## PROBLEM DESCRIPTION
Every line of the listing below from the one with "جماعة تافجيغت (إقليم" up to and including the one with "Vintage Dvf Julian" should be retyped exactly, and nothing else; pictures are not part of the copy.

## INPUT RECORDS
* * *
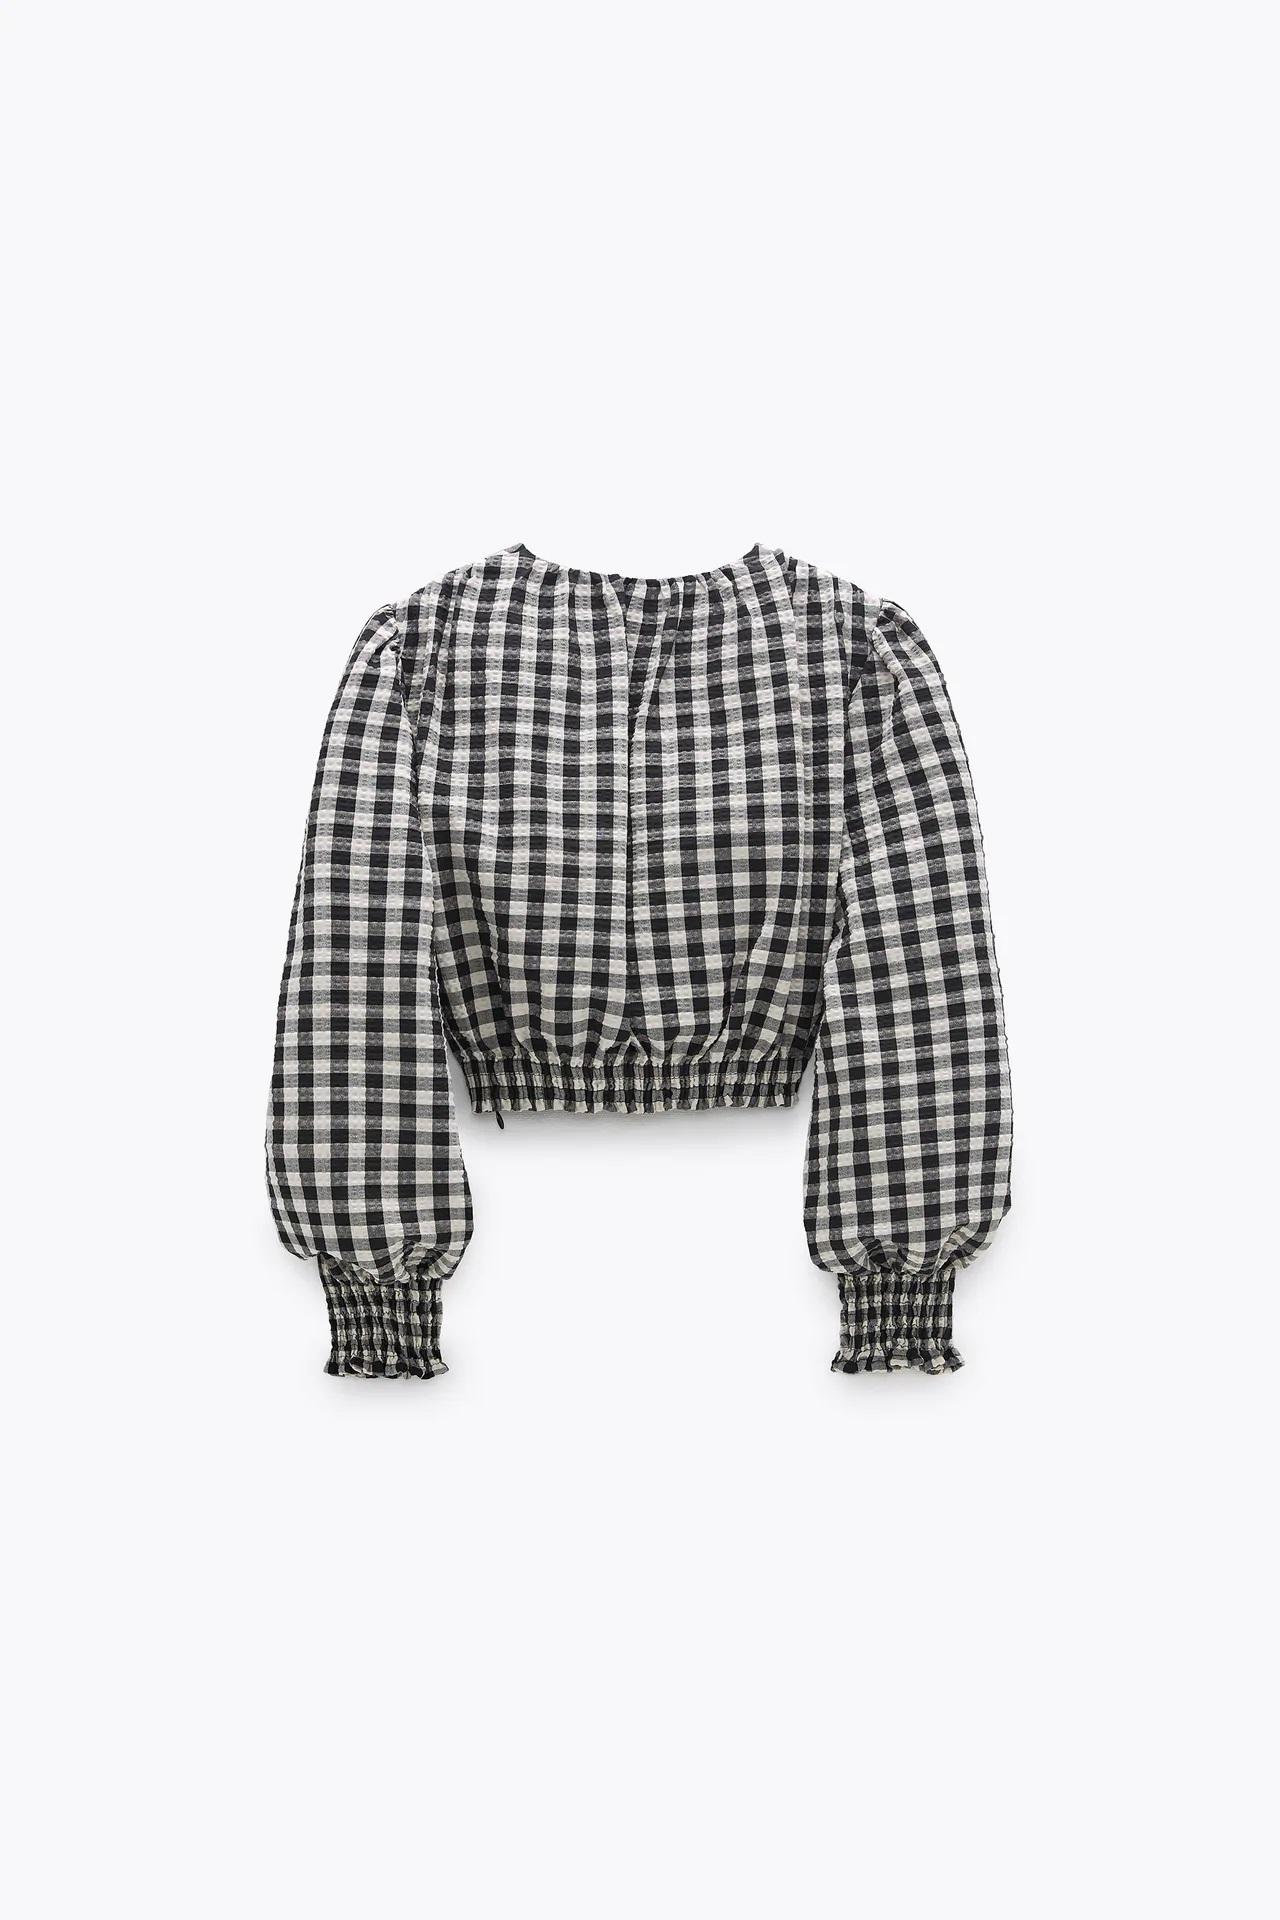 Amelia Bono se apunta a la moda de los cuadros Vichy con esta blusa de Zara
* * *
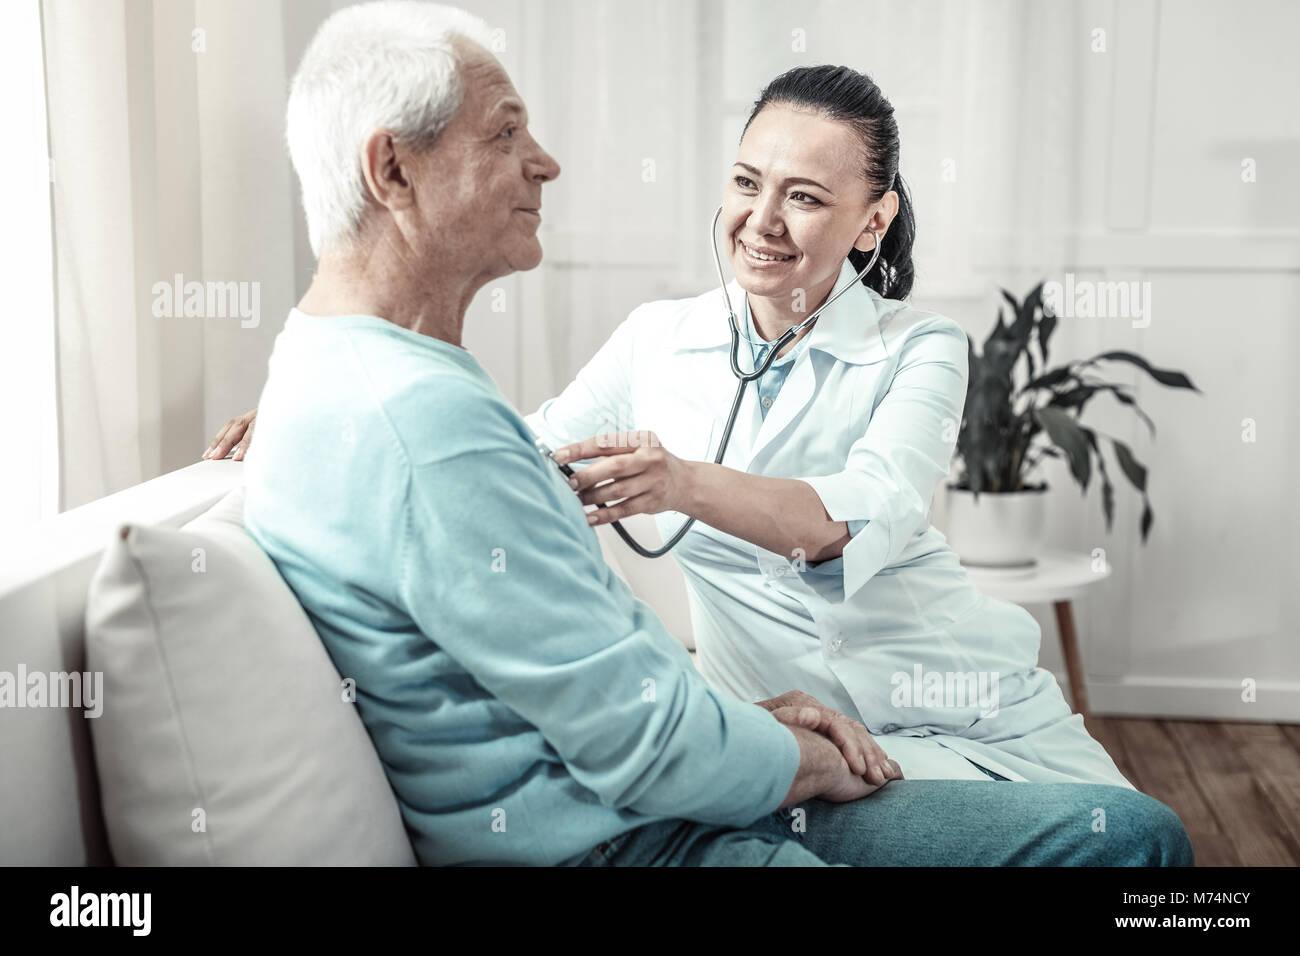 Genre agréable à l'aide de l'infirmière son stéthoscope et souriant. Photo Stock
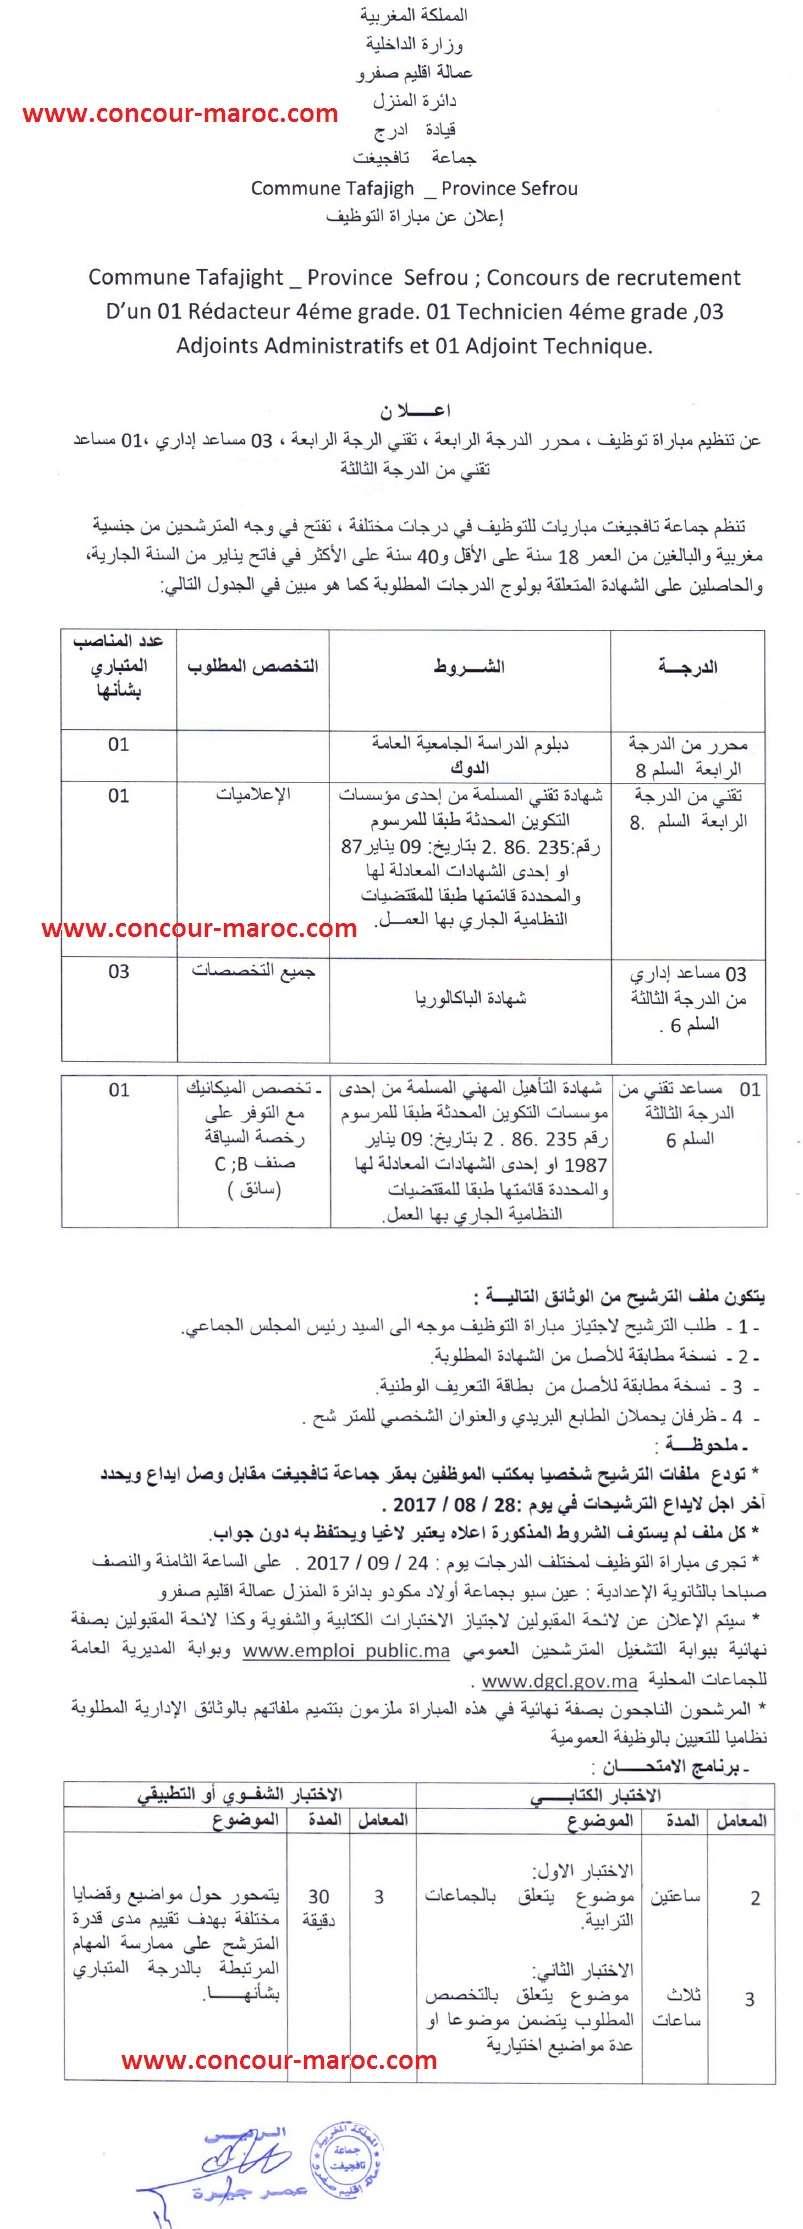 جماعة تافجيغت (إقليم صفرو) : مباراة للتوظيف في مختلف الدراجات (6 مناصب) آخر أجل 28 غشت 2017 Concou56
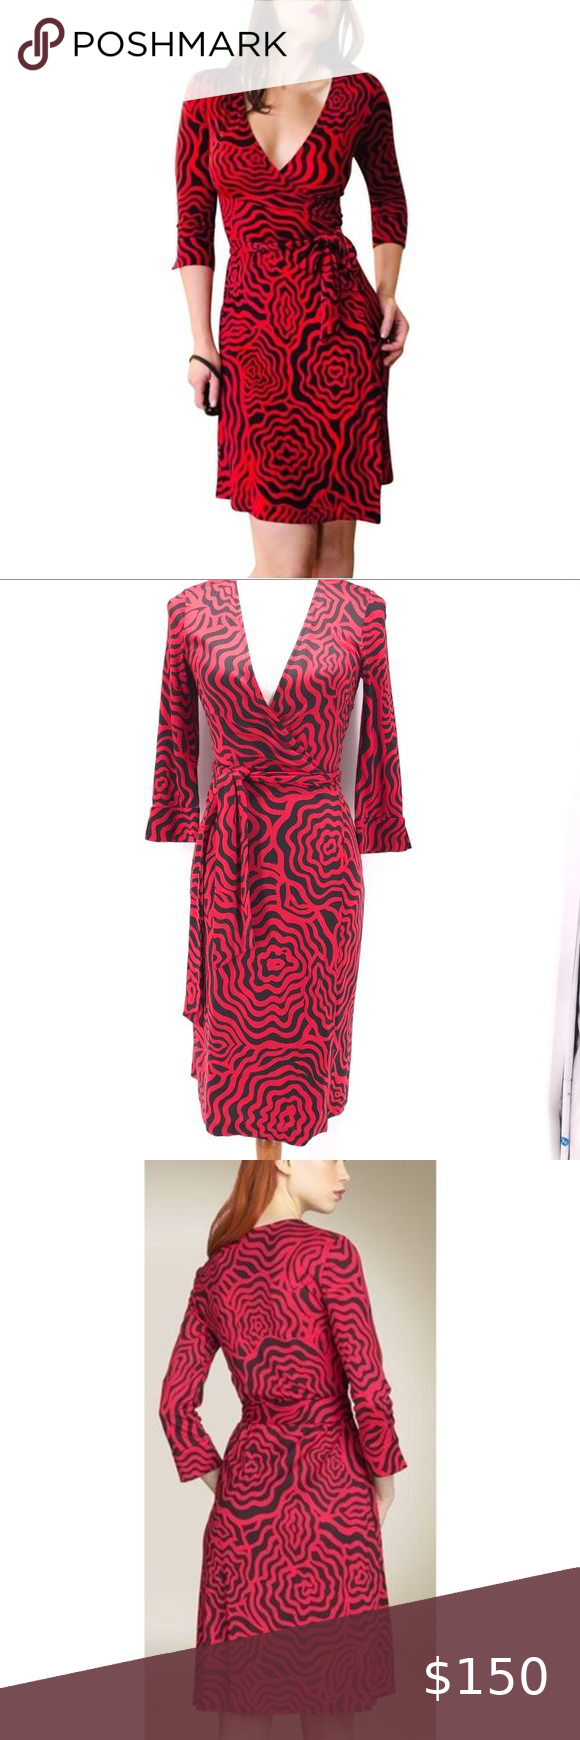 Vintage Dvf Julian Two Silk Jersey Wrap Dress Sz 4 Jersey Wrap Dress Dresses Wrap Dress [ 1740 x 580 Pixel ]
* * *
## TASK SOLUTION
 جماعة تافجيغت (إقليم صفرو) : مباراة للتوظيف في مختلف الدراجات (6 مناصب) آخر أجل 28 غشت 2017 Concou56
 Vintage Dvf Julian Two Silk Jersey Wrap Dress Sz 4 Jersey Wrap Dress Dresses Wrap Dress [ 1740 x 580 Pixel ]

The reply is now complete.